Thanks again:biggrin:


----------



## BRobbins629

Wonderful stuff Skip, but we've come to expect that from you.


----------



## Constant Laubscher

That is great workmanship, well done Skip!


----------



## jackrichington

I concur..it is outstanding & I'm retiring after seeing this..there is no reason to go on


----------



## LouisQC

Wow, a marvel. And the pictures showing your process... Incredible!

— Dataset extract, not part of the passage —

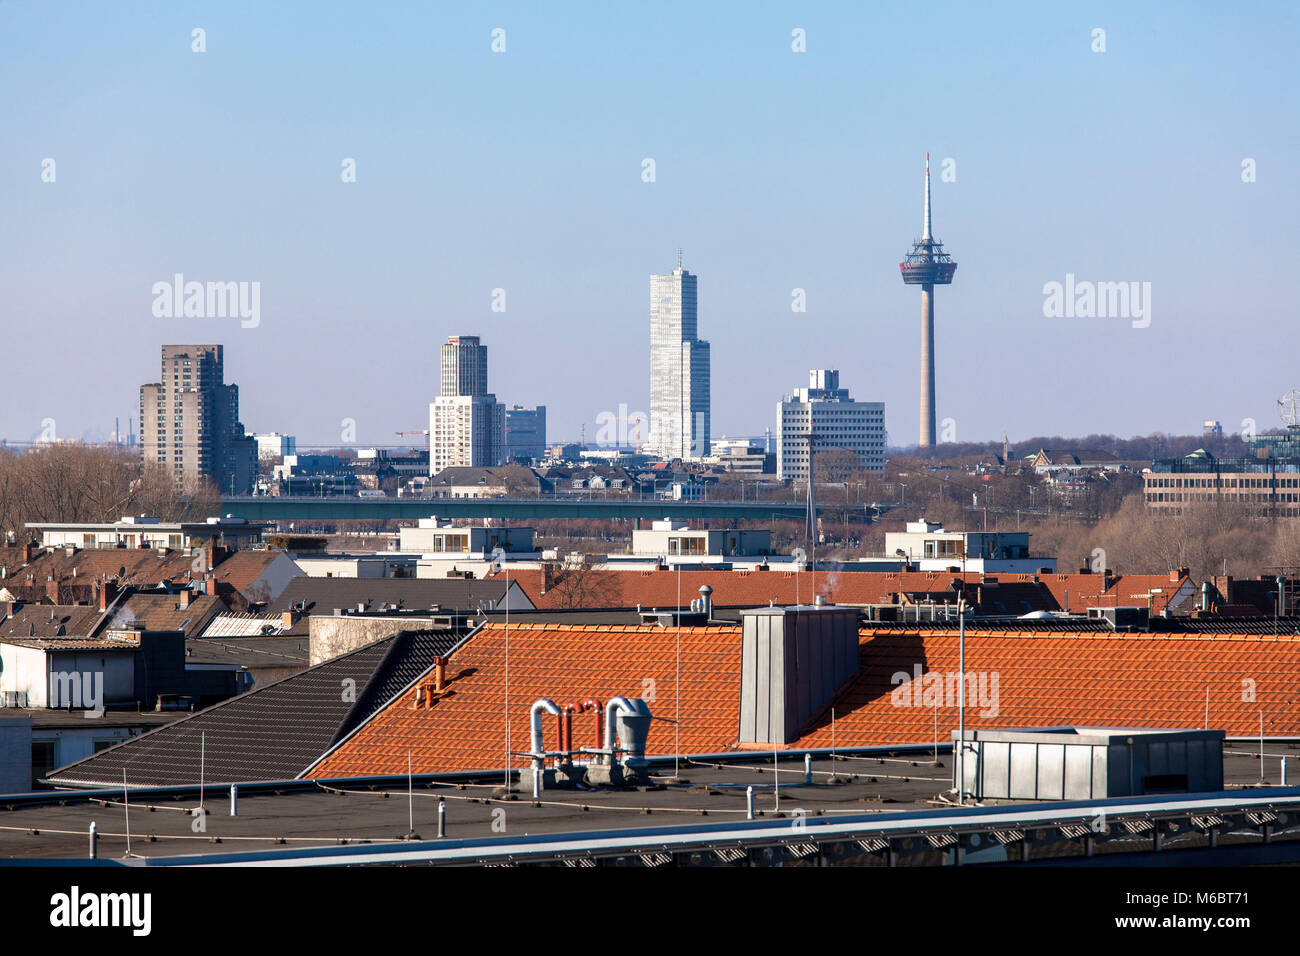 Germany, Cologne, view from the district Muelheim to the city with the Cologne Tower at the Mediapark (center) and the Colonius television tower.  Deu Stock Photo

How much time did it take to create this piece of art?


----------



## joeatact

Wow!


----------



## RichB

You have a talent I don't seem to have.  That is one great and beautiful pen.  I think I went through your pictures faster than it took you to make.  Just a guess!!  Thanks for the look


----------



## skiprat

LouisQC said:


> .............
> How much time did it take ...............?


 
3 Days, but that includes half a day waiting for the blisters from filing to go down:biggrin:


----------



## cowjelly

That's the nicest pen I have seen! I have been burnt out for the past 3 or 4 months and looking for inspiration to get going again. Well I think I've found it. Thank you for posting it! In your debt, sorry, I have no money!

_____________
Keith...


----------



## bfgladden

That is absolutely amazing.  I really don't have words to describe how awesome this pen is


----------



## pianomanpj

Screw the Grand Canyon, I'm vacationing at Skippy's house! Fantastic job!! :highfive::beer:


----------



## Seer

I'm speechless WOW very nice, very very nice


----------



## davinci27

Great Job on and Amazing Pen!!  Thanks for that last photo.  I've been looking at the pen and the photos trying to figure out how you got the joints so tight without actually casting the metal.  I've got to get a good set of files and try some of the metal stuff.  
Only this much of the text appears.